Wymienione podpunkty to dla jednych to mało, dla drugich dużo, dla mnie bardzo dobrze. Dlaczego? Ponieważ wyżej wymienione rzeczy wiążą się z najważniejszymi osobami w moim życiu, bez których każdy kolejny rok nie byłby taki sam, ba bez których nic by nie było. Mieszkając z dala od rodziny dopiero docenia się pewne rzeczy. Ale myślę, że nic nie dzieje się bez przyczyny, wszystko jest gdzieś zaplanowane i tak ma być :) Dlatego życzę sobie, aby było jak najwięcej spotkań z moimi bliskimi, a na pewno zaliczę 2015 do udanych. 

Poza tym w 2015 (mam nadzieję) obronię magisterkę, więc zakończę "karierę" studentki :) Wiąże się to z kolejnym etapem w moim życiu, inne plany i priorytety, no ale zobaczymy jak to będzie. Fajnie by było jeszcze wyjechać na porządne wakacje w przepiękne miejsce, w sumie nigdy na takich nie byłam ;-)

Dziękuję moim widzom i czytelnikom za poprzedni rok. Youtube to ważna część mojego życia, więc niezmiernie się cieszę, że grono stale się powiększa. Jesteście ze mną codziennie, a to sprawia mi ogromną radość! ps. pomysł aby nagrywać zrodził się 1 dnia, a 2 już miałam kupioną kamerę i nagrałam swój pierwszy film.. ot cała ja :) 
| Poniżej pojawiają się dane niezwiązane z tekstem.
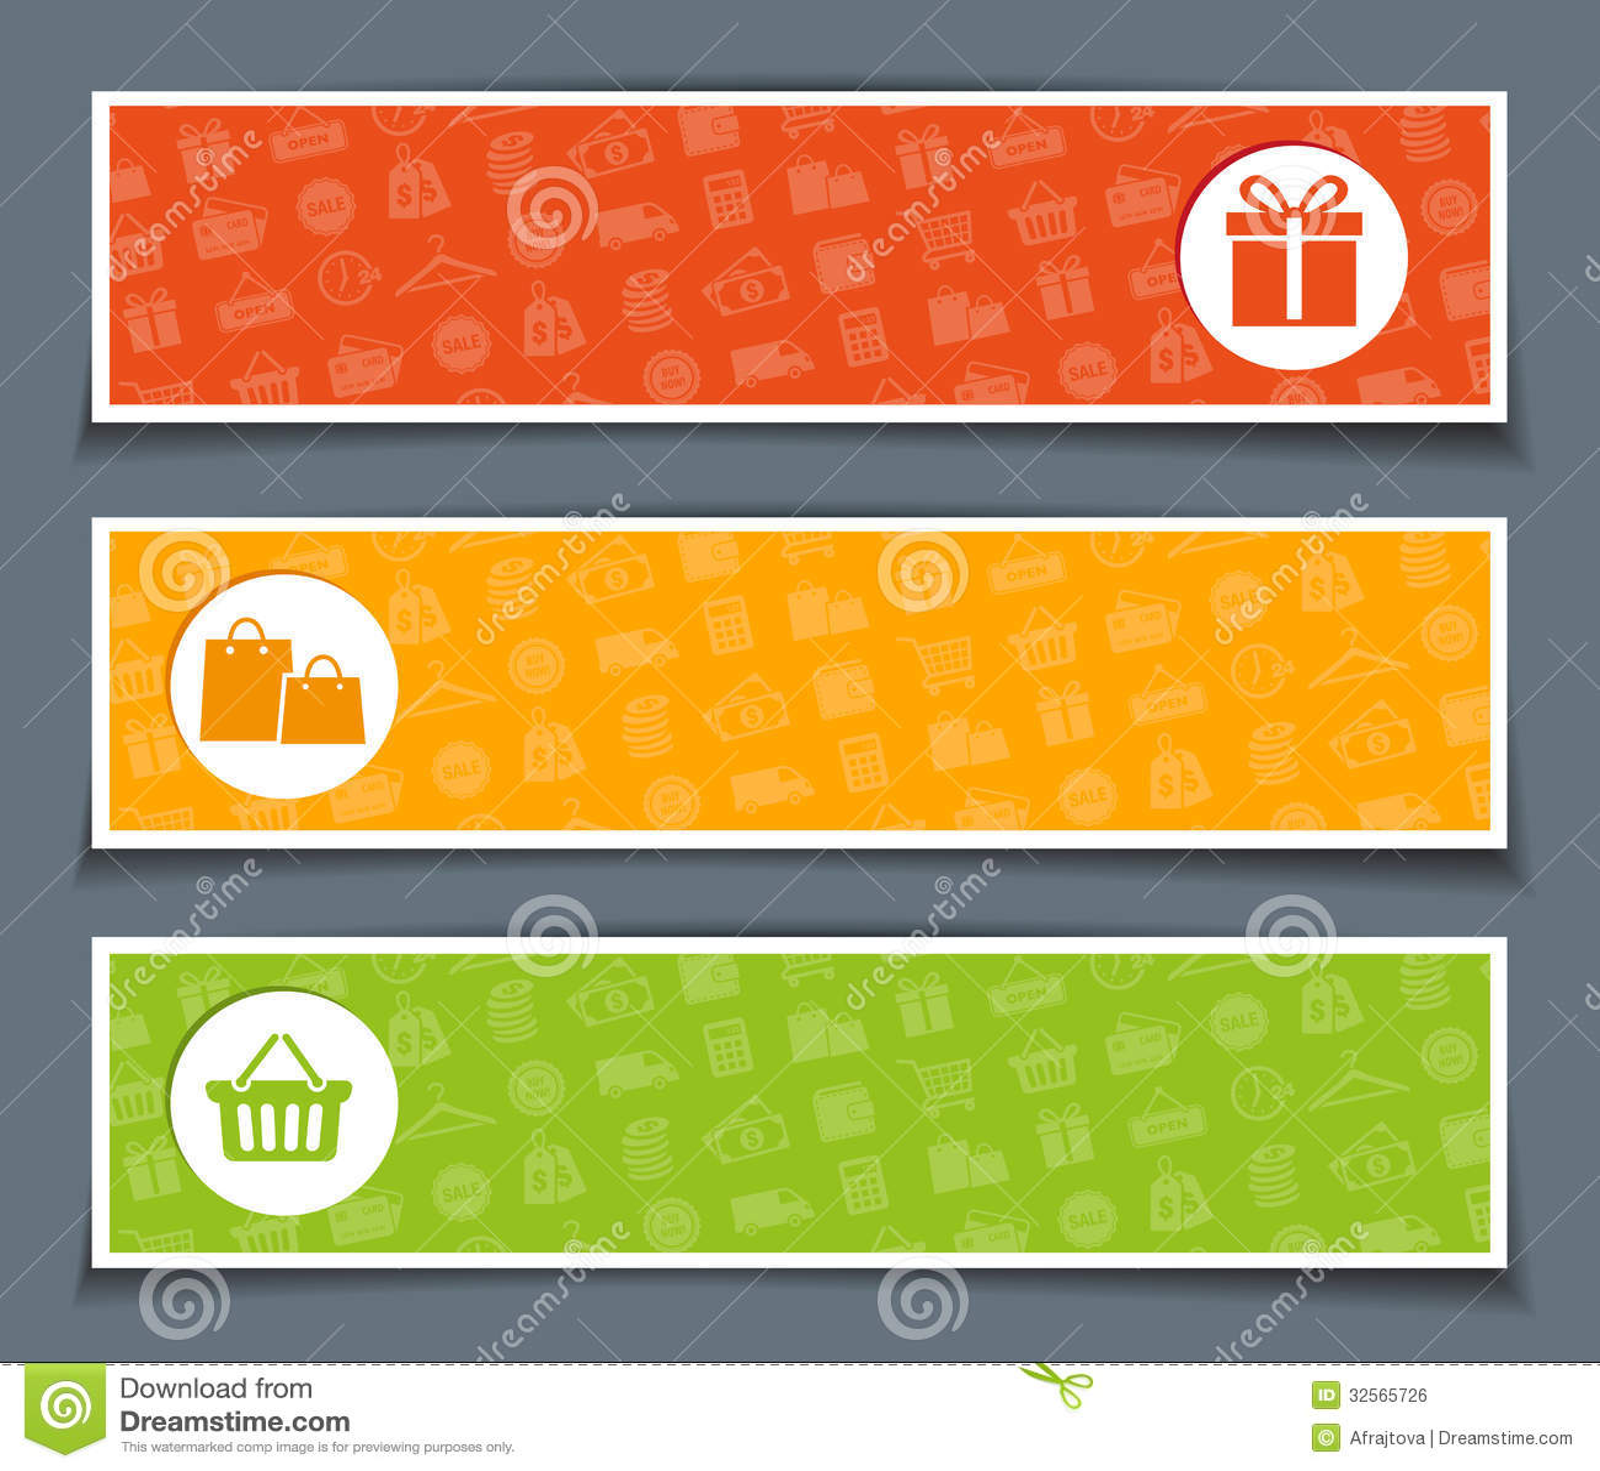 Three Super Sales Banners Stock Illustration - Image: 52996123

Ciekawa jestem przyszłego roku.. Czasami moje postanowienia rodzą się w sekundzie (niekiedy sama boję się co strzeli mi do głowy), więc nie potrzeba mi to tego odliczania 10 sekund, aby przejść do ich realizacji. Ciekawa jestem jak jest u Was :) 
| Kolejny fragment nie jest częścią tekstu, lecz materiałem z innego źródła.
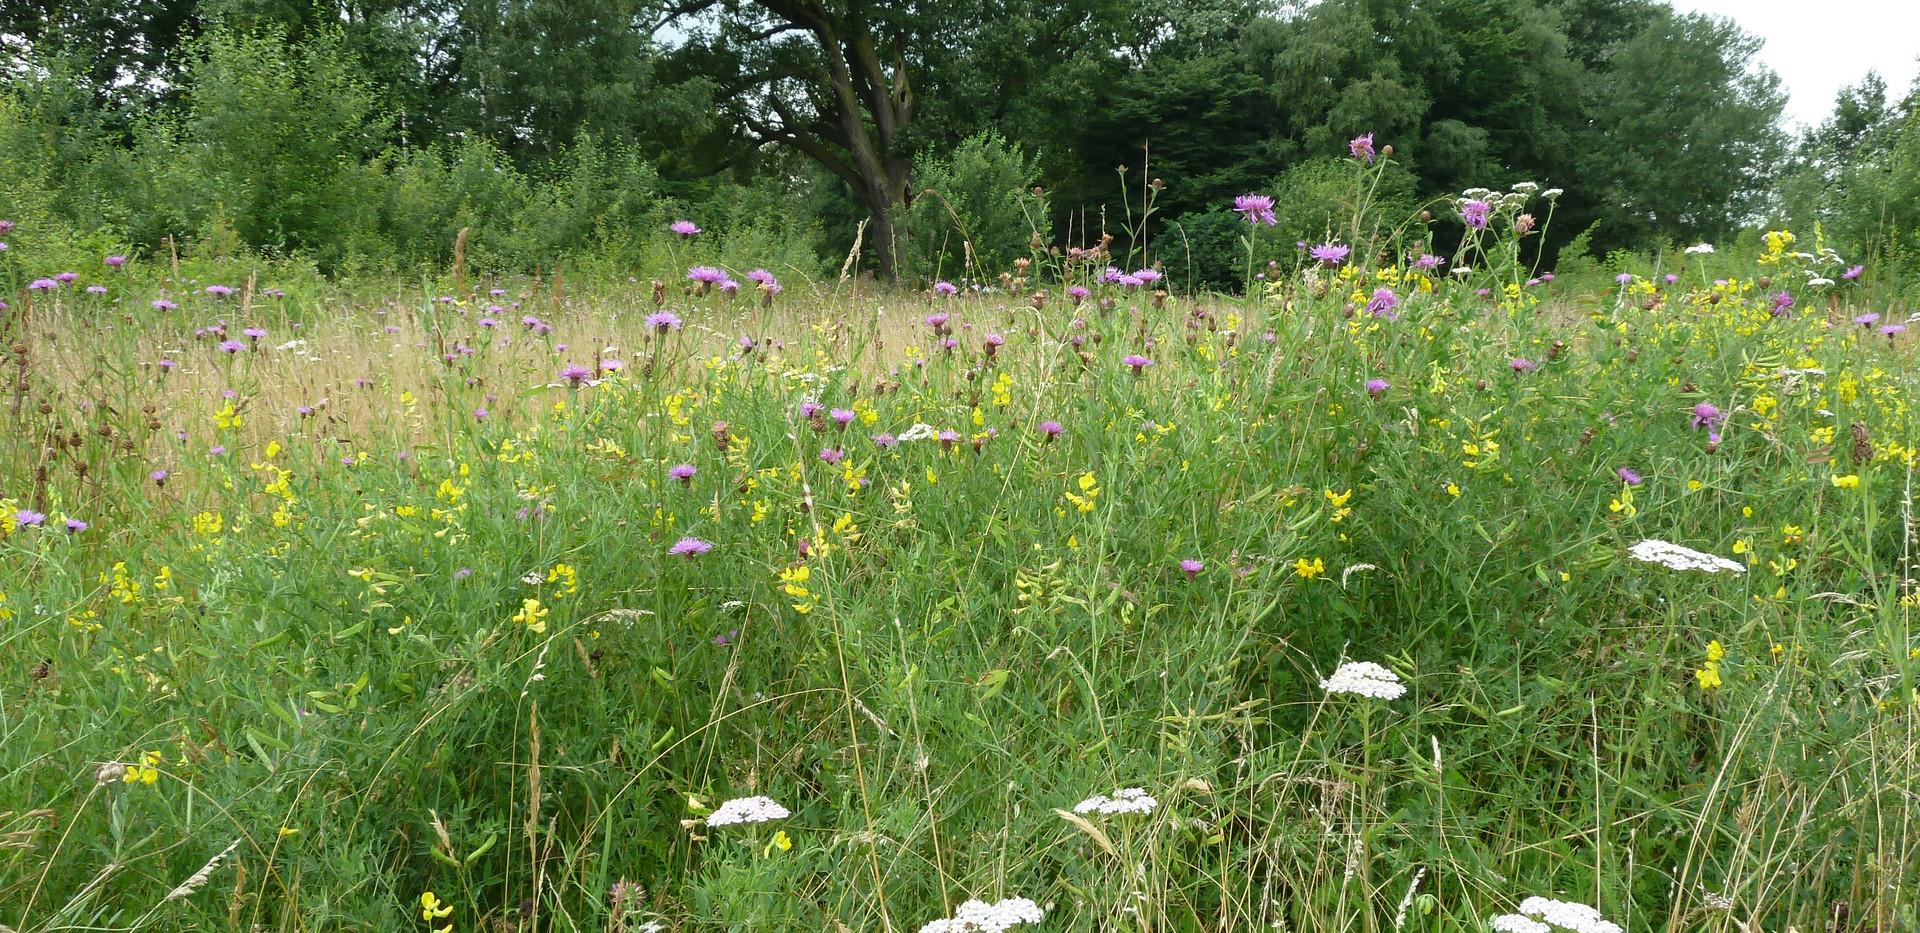 Mengsel 2 - Kruidenrijke gemengde grasstrook

Żyjecie spontanicznie, łapiecie codzienność i realizujecie plany z dnia na dzień, czy z utęsknieniem wyczekujecie sylwestrowej nocy, traktujecie to jako przełom, aby coś zmienić? ;-) 

8 komentarzy:

  1. Wszystkiego co najlepsze w Nowym Roku, aby był równie udany co ubiegły:))

    OdpowiedzUsuń
  2. ja też nie robię postanowień noworocznych, chociaż jakieś cele mam na ten nowy rok. Mam nadzieję że ten rok będzie jeszcze lepszy od poprzedniego ;) Spełnienia marzeń w tym roku:)

    OdpowiedzUsuń
  3. Ooo Kornela mój 2014 tez był mega udany i co do aparatu na zęby to tez się w końcu zdecydowałam.(jak masz ochotę, zapraszam na blog, gdzie opisałam moja historie) pozdrawiam i wszystkiego dobrego w 2015!

    OdpowiedzUsuń
  4. W jakim języku magisterka?

    OdpowiedzUsuń
  5. Mój rok 2015 zapowiada sie ciekawie... Przeprowadzka, zdanie sesji, i tęsknota za Ukochanym, który wyjeżdża za pracą.
    Na szczęście nie zagranicę, lecz do innego miasta. Tyle dobrego. Jestem dobrej myśli i za pół roku znowu będziemy się widzieć codziennie :)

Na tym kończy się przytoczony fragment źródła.